* _Provided data_
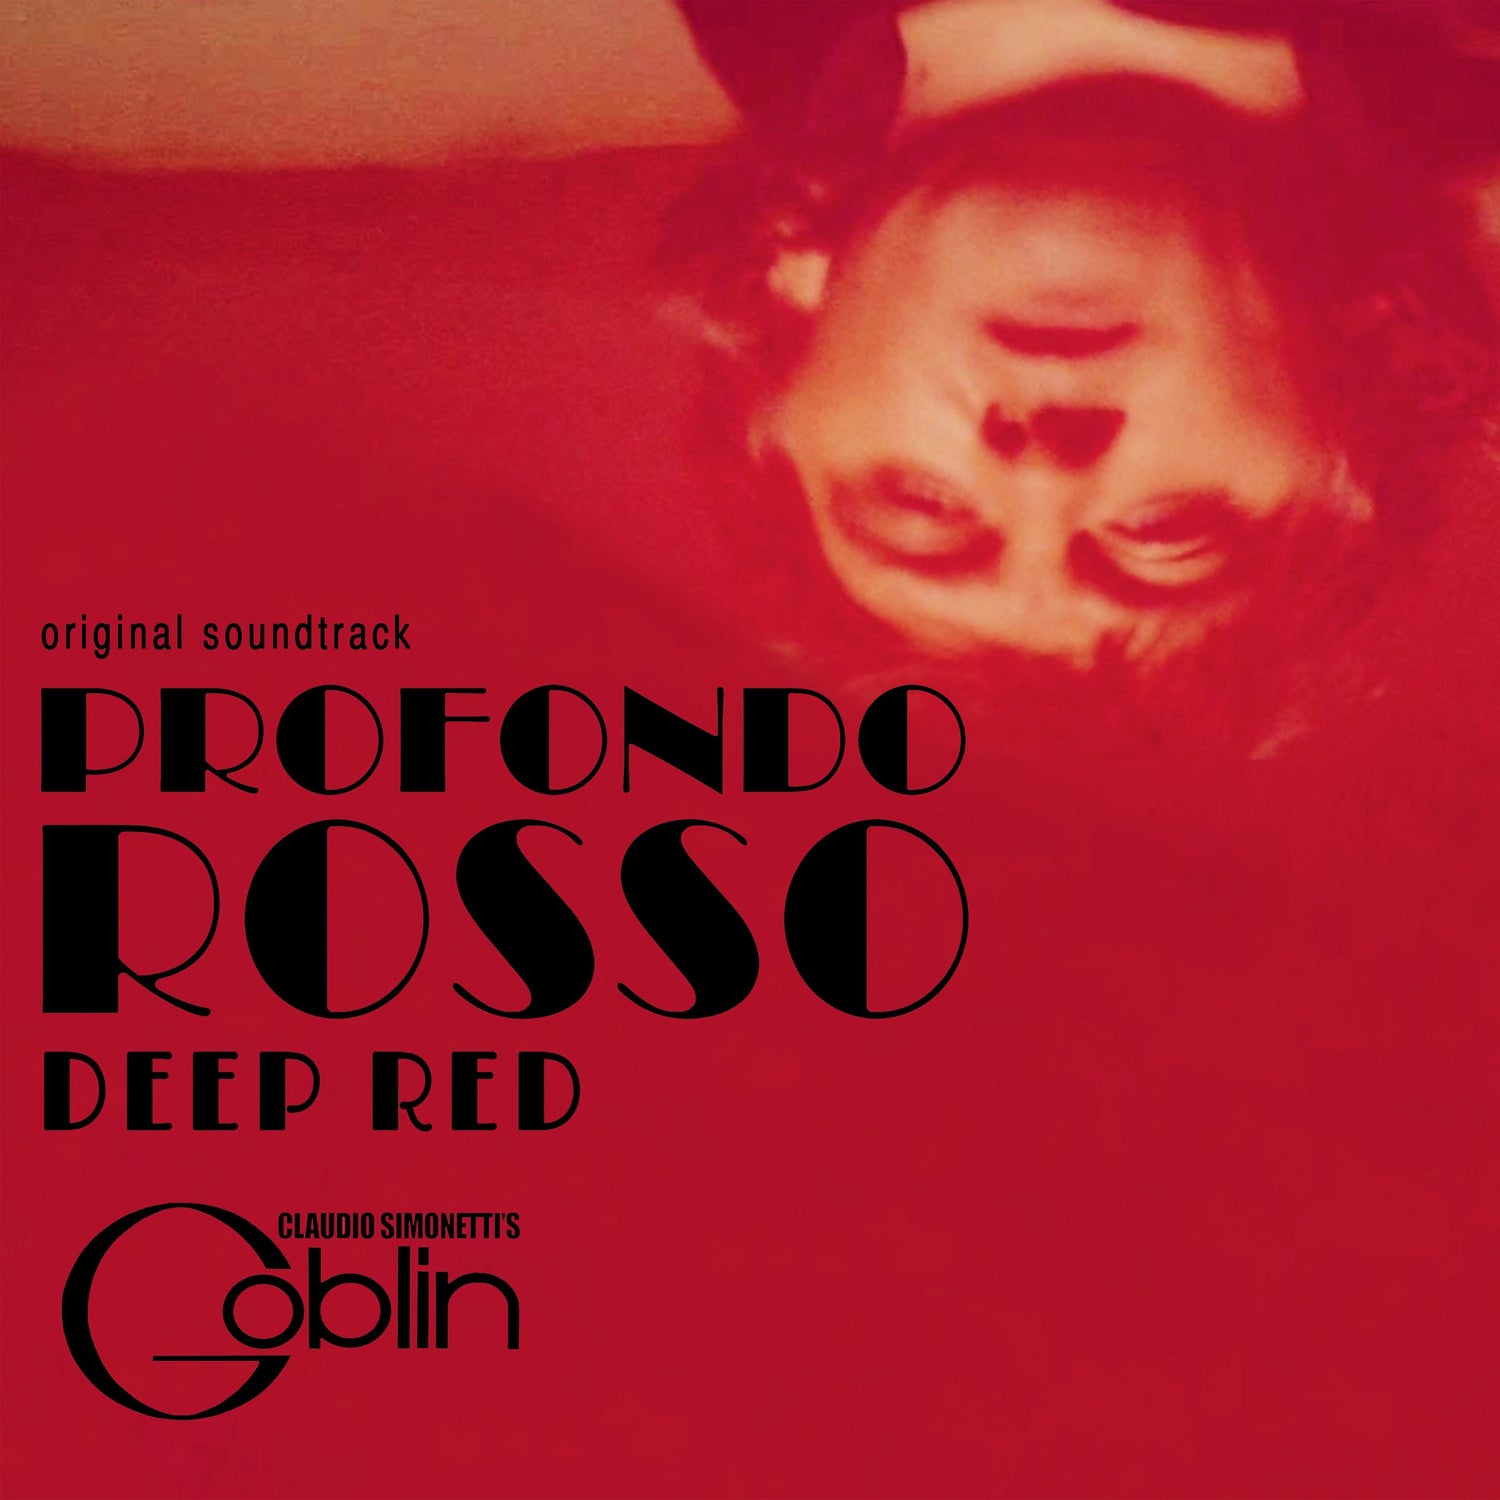 Dario Argento's DEEP RED (PROFONDO ROSSO) Original Soundtrack LP (40th Anniversary Edition, limited colored vinyl + poster) (CLAUDIO SIMONETTI'S GOBLIN)
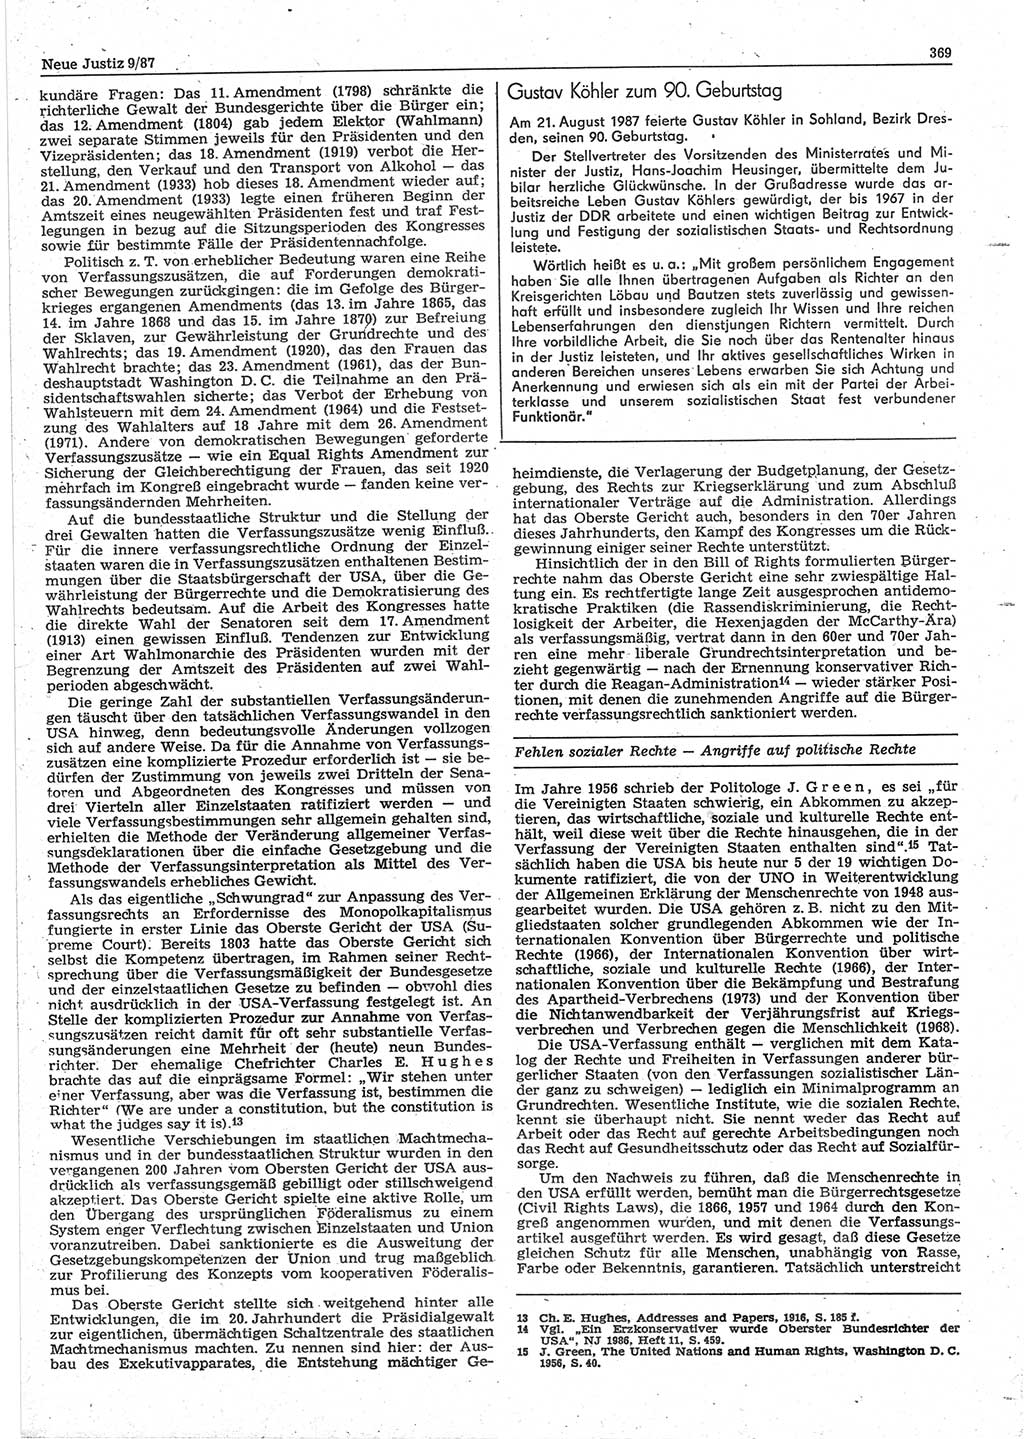 Neue Justiz (NJ), Zeitschrift für sozialistisches Recht und Gesetzlichkeit [Deutsche Demokratische Republik (DDR)], 41. Jahrgang 1987, Seite 369 (NJ DDR 1987, S. 369)
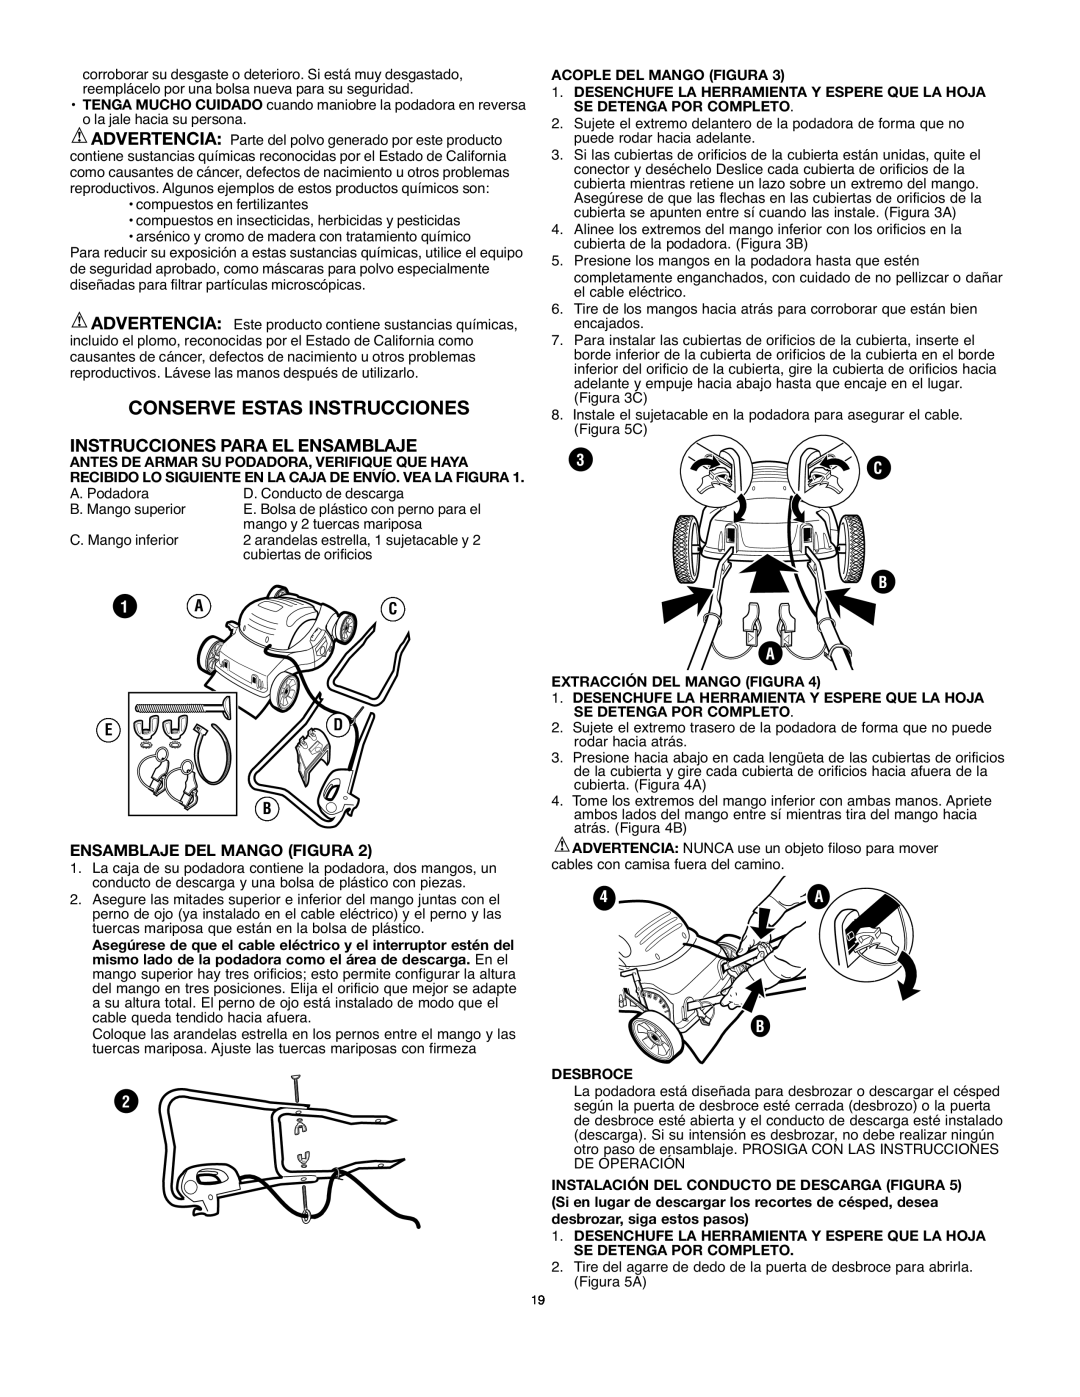 Black & Decker MM575 Conserve Estas Instrucciones, Instrucciones Para El Ensamblaje, Ensamblaje Del Mango Figura 
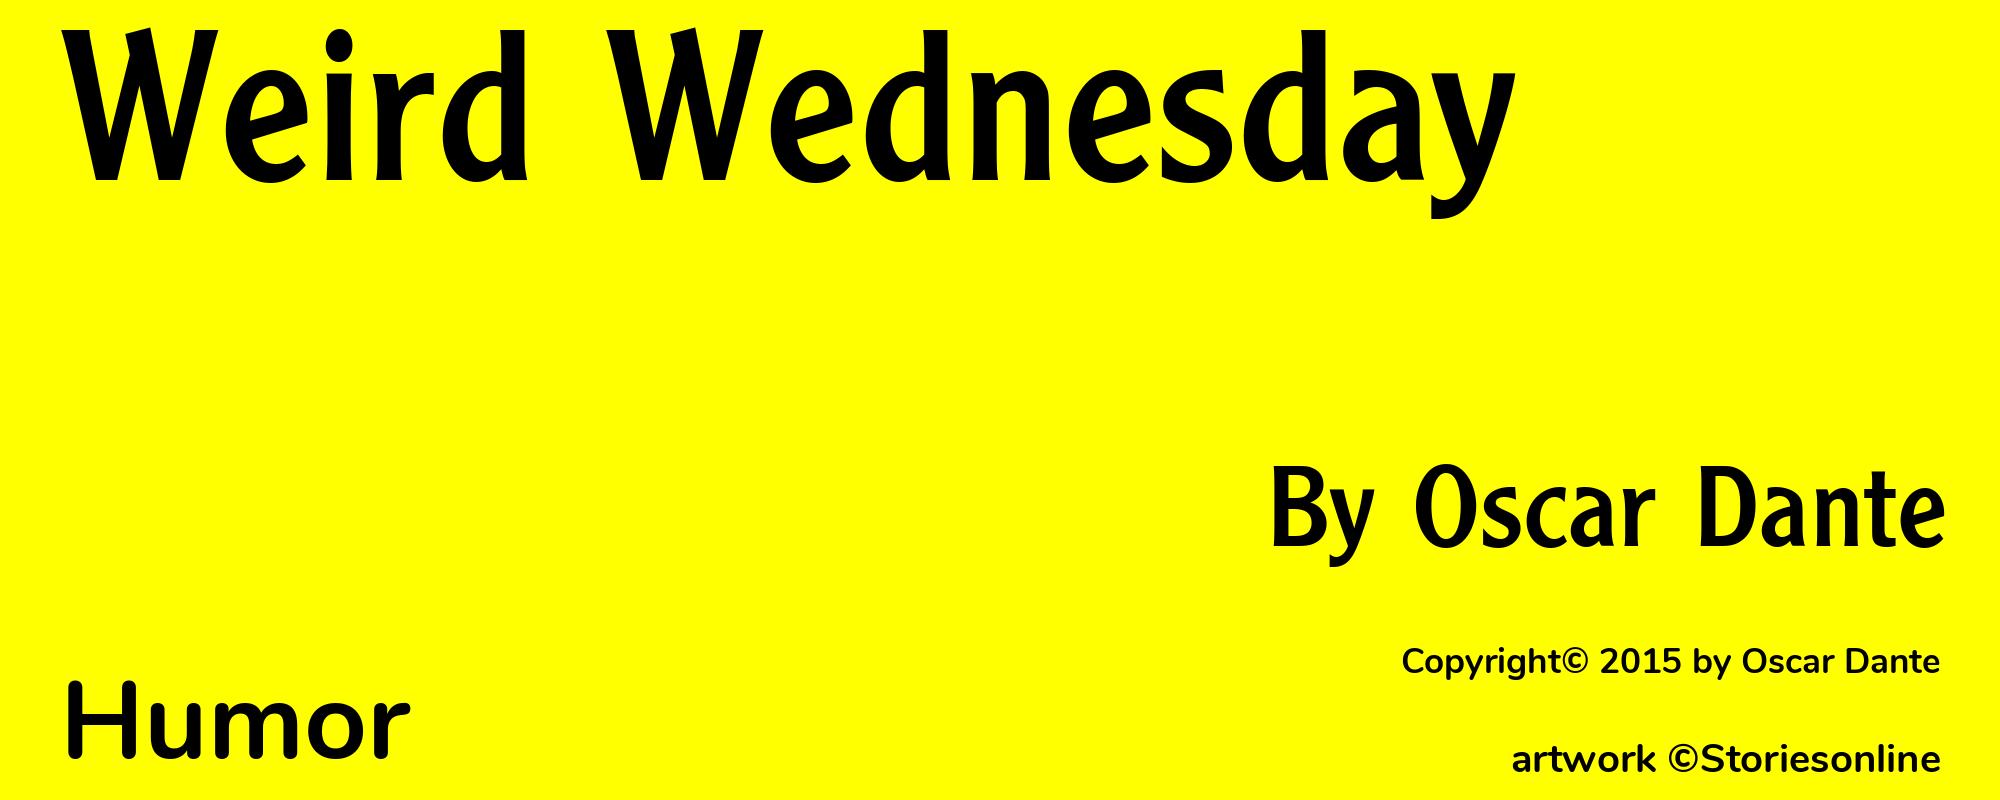 Weird Wednesday - Cover
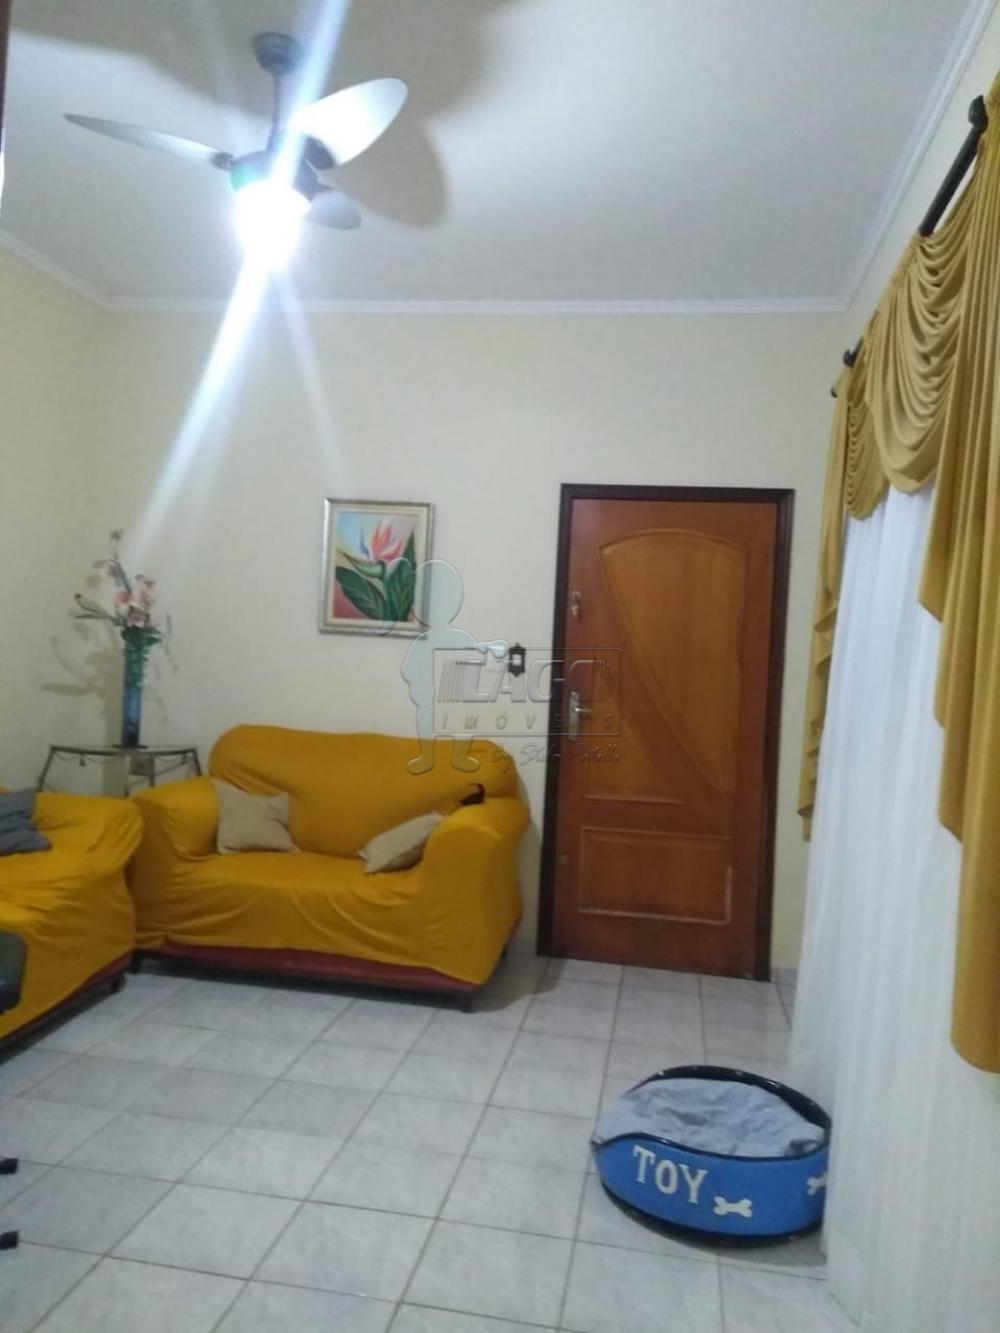 Alugar Casa / Padrão em Ribeirão Preto R$ 1.500,00 - Foto 4
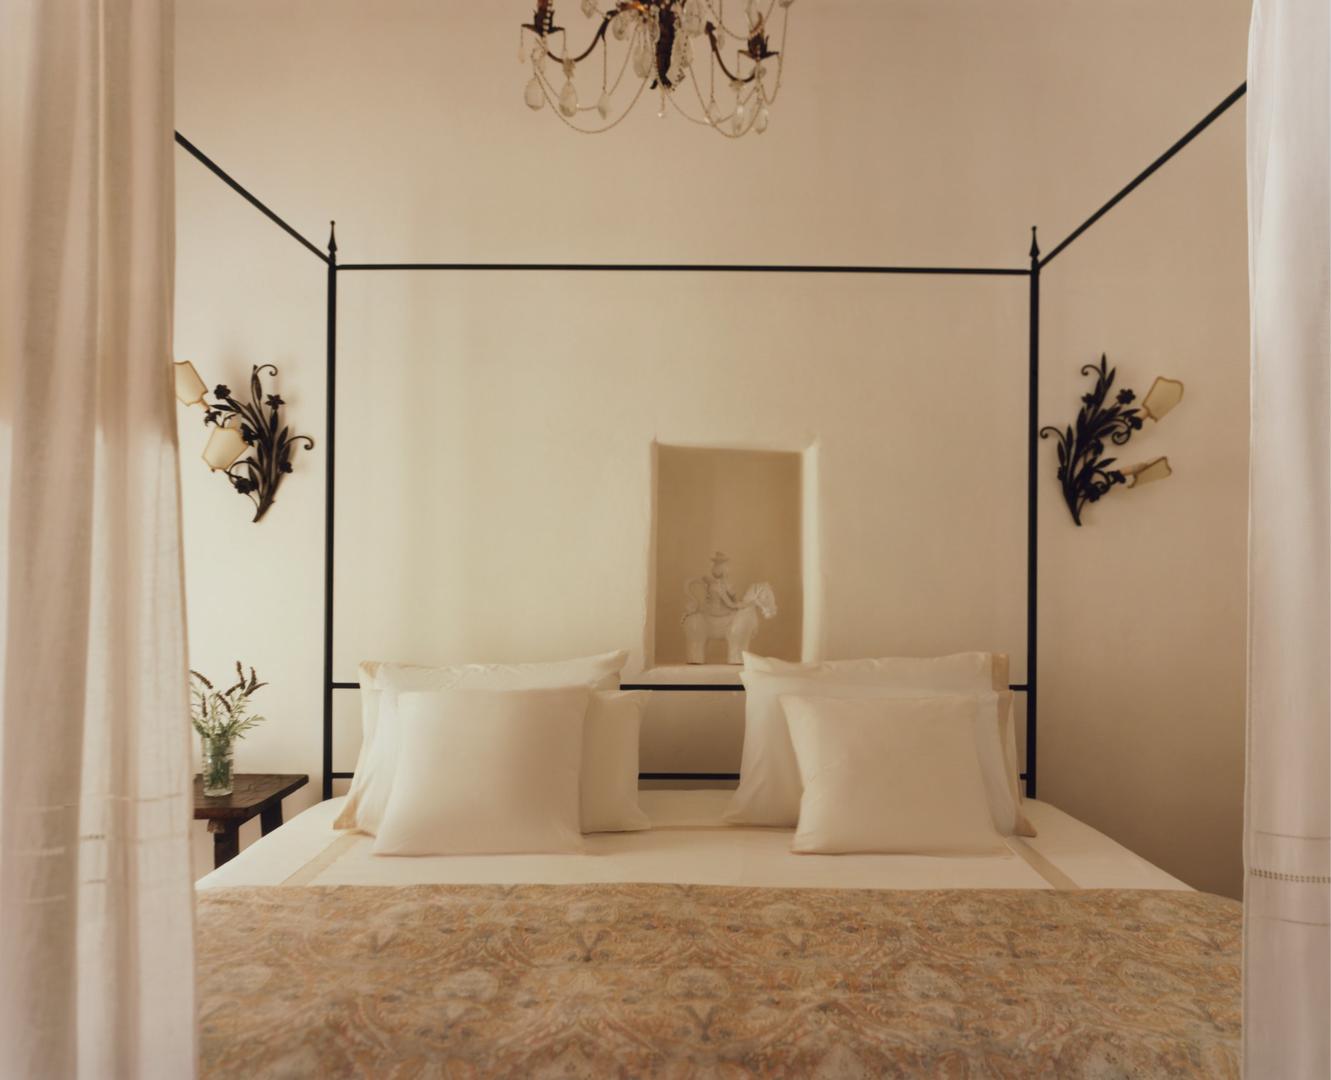 Glavna spavaća soba slijedi filozofiju uređenja ostatka interijera

* _Aim of the task_
Exact wording is required throughout: write out all the records, but no pictures.

* _Result_
 Dario Argento's DEEP RED (PROFONDO ROSSO) Original Soundtrack LP (40th Anniversary Edition, limited colored vinyl + poster) (CLAUDIO SIMONETTI'S GOBLIN)
 Neue Justiz (NJ), Zeitschrift für sozialistisches Recht und Gesetzlichkeit [Deutsche Demokratische Republik (DDR)], 41. Jahrgang 1987, Seite 369 (NJ DDR 1987, S. 369)
 Black & Decker MM575 Conserve Estas Instrucciones, Instrucciones Para El Ensamblaje, Ensamblaje Del Mango Figura 
 Weird Wednesday - Cover
 Alugar Casa / Padrão em Ribeirão Preto R$ 1.500,00 - Foto 4
 Glavna spavaća soba slijedi filozofiju uređenja ostatka interijera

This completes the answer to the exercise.